Objectives: To determine the acute circulatory effects of an open fracture and the circulatory effects of different fluid resuscitation strategies after such a fracture.
Design: Randomized controlled laboratory study.
Setting: Medical Research Council laboratory, university medical school.
Subjects: Four groups of ten immature female Large-White pigs (16.5-27.0 kg): those receiving limited resuscitation, moderate resuscitation, and normal resuscitation, as well as surgical controls.
Interventions: After induction and intubation with 3% halothane, anesthesia was maintained with intravenous Saffan.
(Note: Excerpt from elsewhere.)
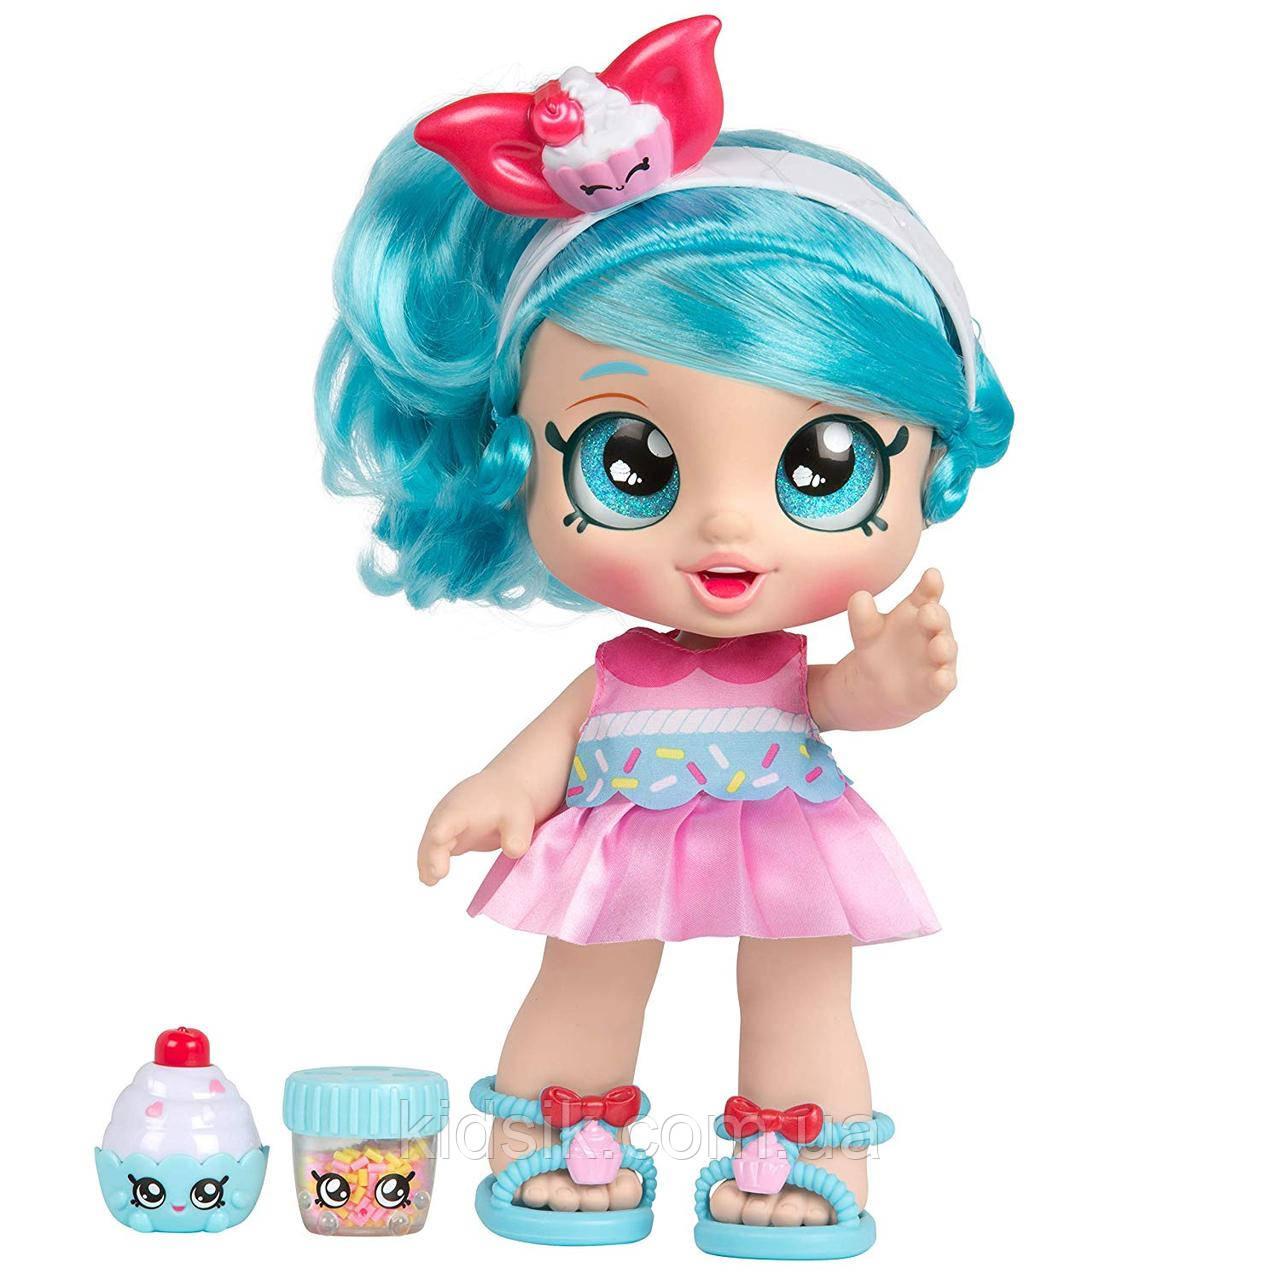 Кукла Кинди КидсДжессикейк / Kindi KidsJessicake, фото 1

Cannulae were placed in the left external jugular vein and both axillary arteries. A pulmonary artery flotation catheter was introduced through the jugular cannula. The left femur was exposed for fracture with a captive bolt. Resuscitation was with 0.9% saline; the moderate resuscitation group received less than the normal resuscitation group (840 +/- 67 mL vs. 1873 +/- 96 mL), whereas the surgical control and limited resuscitation groups received the lowest volumes (466 +/- 10 mL and 452 +/- 19 mL, respectively).
Measurements and main results: Measurements/calculations of global hemodynamics (intravascular pressures, e.g., mean arterial pressure, heart rate, stroke volume index, cardiac output/index, left ventricular stroke work index, and systemic vascular resistance index), metabolism (oxygen delivery index and consumption index, oxygen extraction ratio, plasma lactate, hemoglobin), blood gases, pH, and hematocrit were made before fracture, immediately and 30 mins after fracture, and at 30-min intervals for the next 4 hrs. Hind-limb muscle water content was determined by dessication. Femur fracture led to acute reductions in cardiac output/index, stroke volume index, and oxygen delivery index and increases in systemic vascular resistance index and oxygen extraction ratio. In the absence of fluid resuscitation, these changes persisted and were accompanied by hypotension. Normal resuscitation attenuated the fracture-induced changes such that the only differences during resuscitation between limited resuscitation and normal resuscitation were a reduction in hematocrit in the latter and an increase in oxygen extraction ratio in the former. Water content increased in both injured and uninjured muscle.
Conclusions: The cardiovascular and metabolic changes associated with femur fracture in the anesthetized pig can be reversed or prevented by crystalloids given in a volume equivalent to Advanced Trauma Life Support guidelines.